Conventional Lithium Iron Phosphate (LFP) chemistries experience a reduction in useable capacity when the battery is operated at high discharge conditions, such as prolonged periods of highway driving or in high-power applications such as electric mining vehicles. Tests carried out by world-renowned testing and research company QinetiQ have demonstrated that the LMFP cells retain a significantly higher percentage of their nominal capacity than LFP under these conditions.
The LMFP cells retained 99% of their original capacity at 2C (30 minutes discharge time), and 95% at 5C (12 minutes discharge time). Even at an extreme 10C (6 minutes discharge time), which is far beyond the limits of any use case, capacity retention was an impressive 60%. This demonstrates the material’s ability to deliver high performance without compromising durability – attributes essential to demanding applications such as electric vehicles (EVs).
QinetiQ’s assessments follow other third-party testing last year that showed Integrals Power had achieved the breakthrough of incorporating a Manganese content of 80% and delivering nearly 150 mAh/gr specific capacity, while overcoming the reduction in energy density – and therefore EV range – that usually occurs at such high levels.
As a result, Integrals Power has demonstrated that its LMFP material can be used to make cells that will enable battery packs to deliver an optimal balance of high performance, long range, and long life that exceeds the capability of Lithium Iron Phosphate (LFP) but at less cost and less reliance on critical minerals than Nickel Cobalt Manganese (NCM).
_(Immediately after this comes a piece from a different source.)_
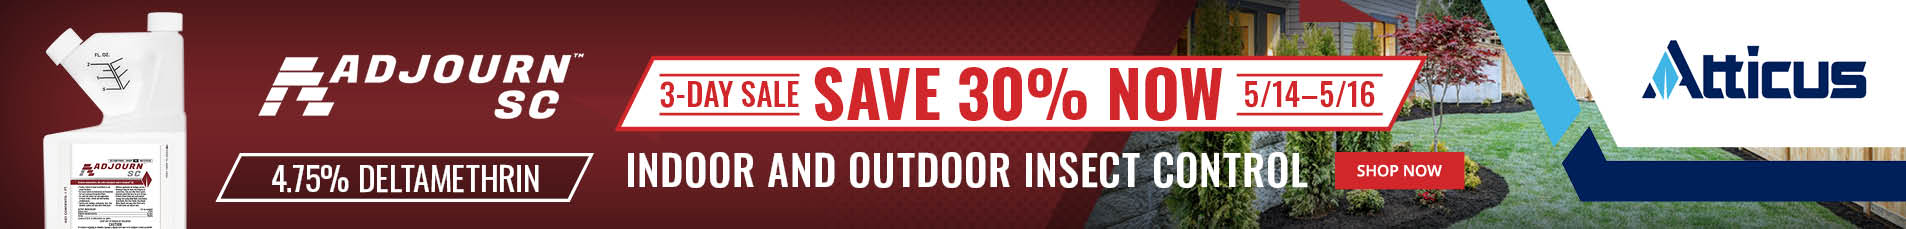 3-Day Sale - Save 30% Now on Adjourn SC Indoor and Outdoor Insect Control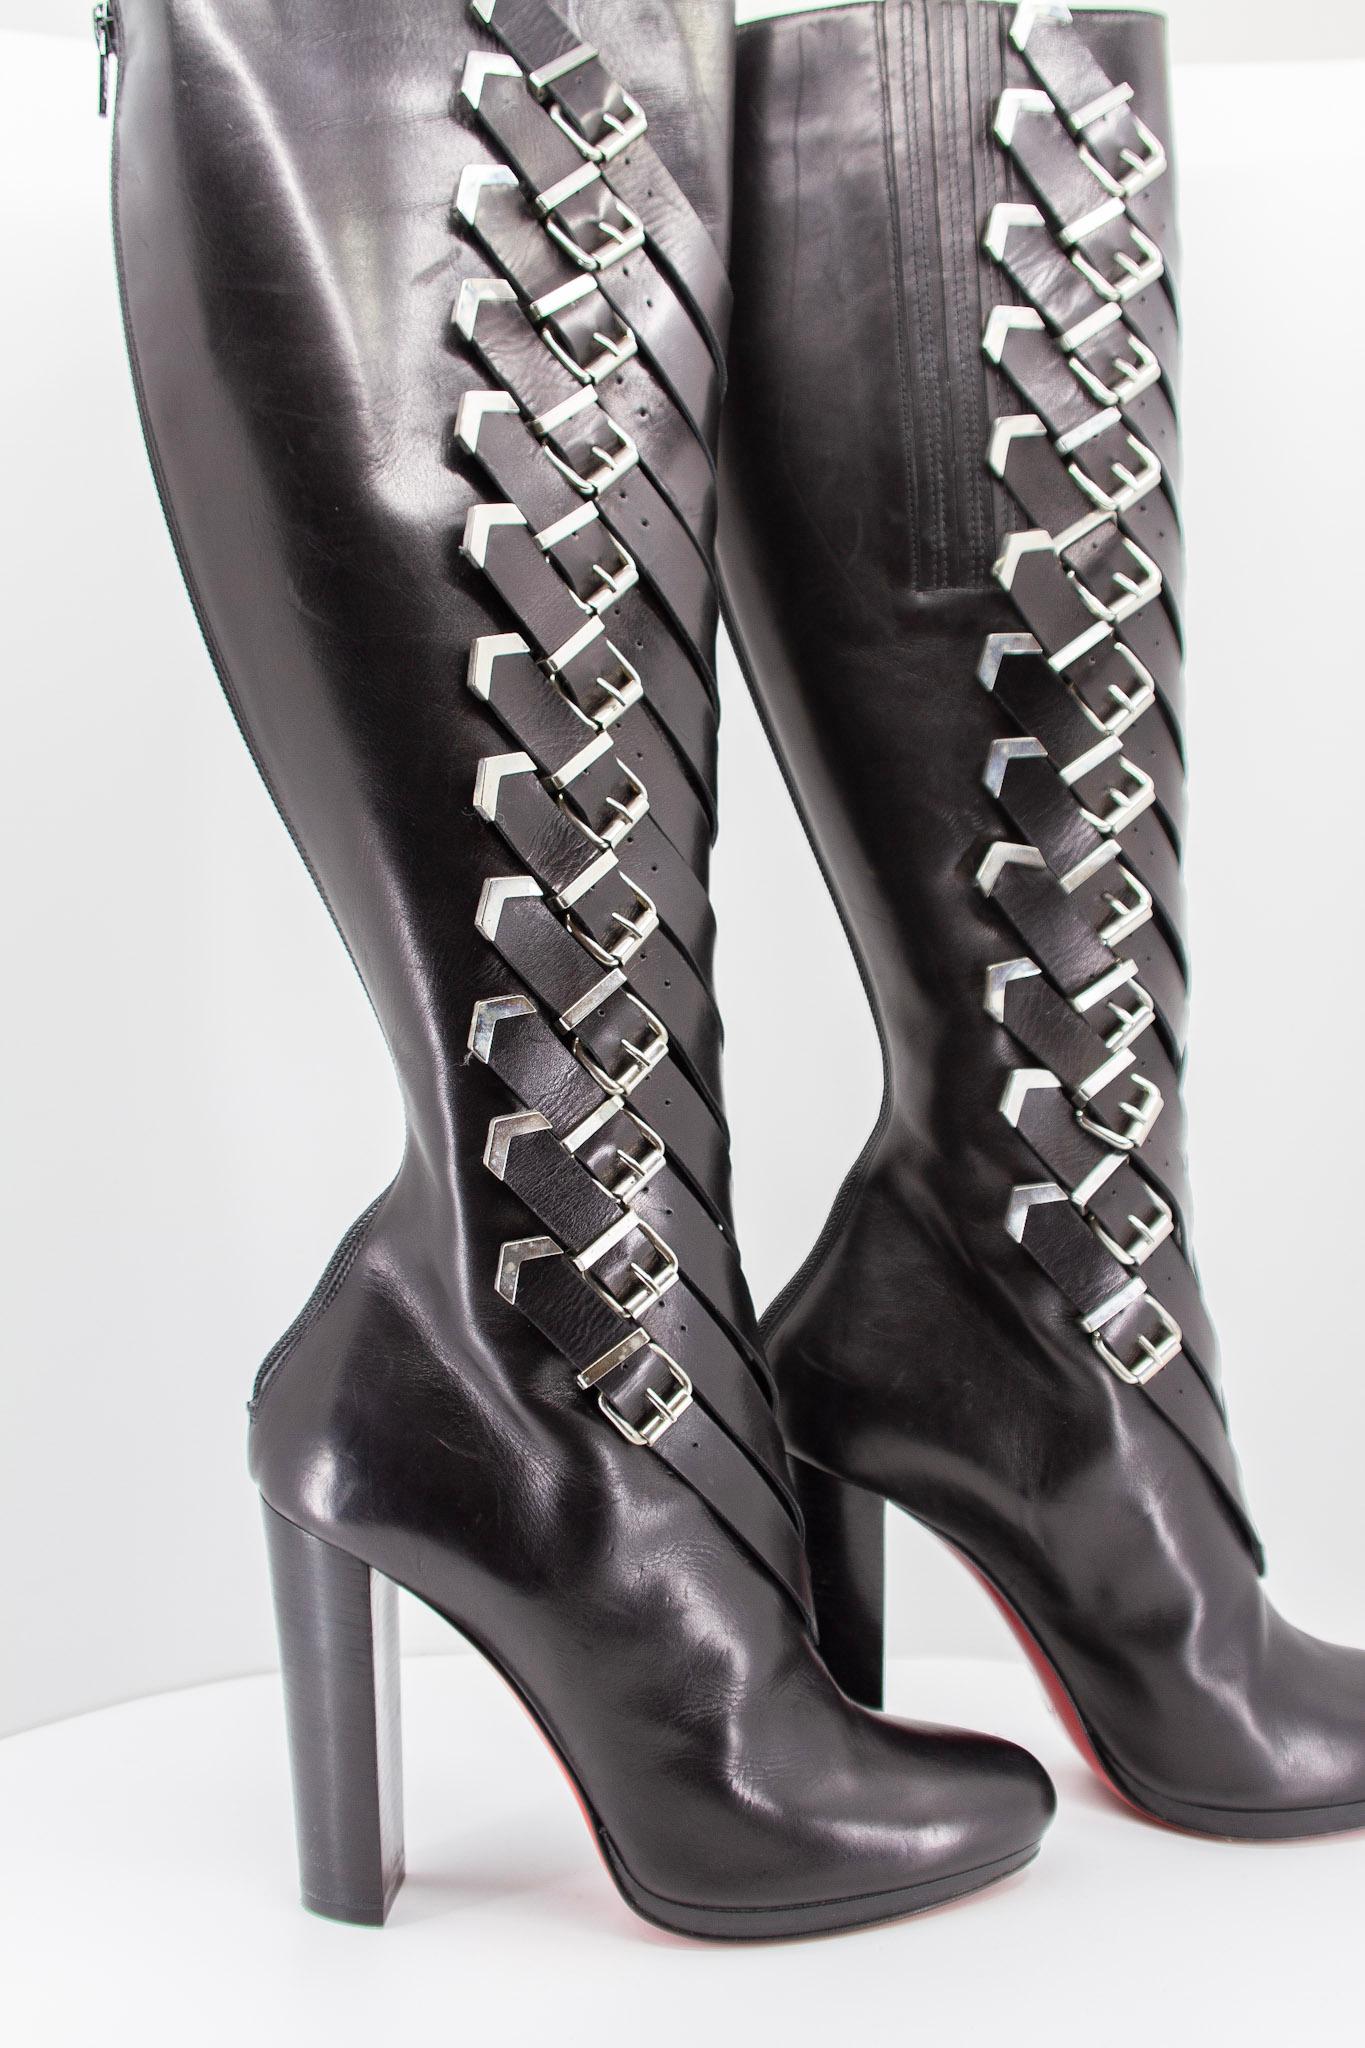 Rare Knee High Christian Louboutin Black Leather Boots For Sale 7

Using this technology, automotive OEMs could extend the real-world range of their vehicles, or achieve the same range using fewer cells, therefore enabling lighter, less expensive batteries.
Integrals Power Founder and CEO, Behnam Hormozi, said: “We’re extremely proud of the test results QinetiQ achieved using our LMFP cathode active materials because they show that we’ve delivered higher C-rate performance and higher retained capacity compromise.
“Together with the proven energy density improvements of up to 20% compared to LFP unlocked by our 80% Manganese content and higher voltage profile of 4.1V, we are able to demonstrate to our customers around the world that we can enable significant cost and weight reductions, and more compact, more sustainable, and longer-lasting battery pack designs.”
QinetiQ conducted the tests on pouch cells made using the Integrals Power LMFP material and standard commercial-grade graphite anodes and liquid electrolyte. Each cell was tested at an electrode loading of 2mAh/cm2.
The LMFP used in the tests is one of a wide range of 25 cathode active materials developed and patented by Integrals Power. All are developed and manufactured at the company’s UK facility, which includes a pilot plant capable of producing 20 tonnes a year from high-purity raw materials rather than bulk precursors. Samples are already with a wide range of customers across the battery manufacturing industry, including energy storage and EV sectors, for evaluation and benchmarking.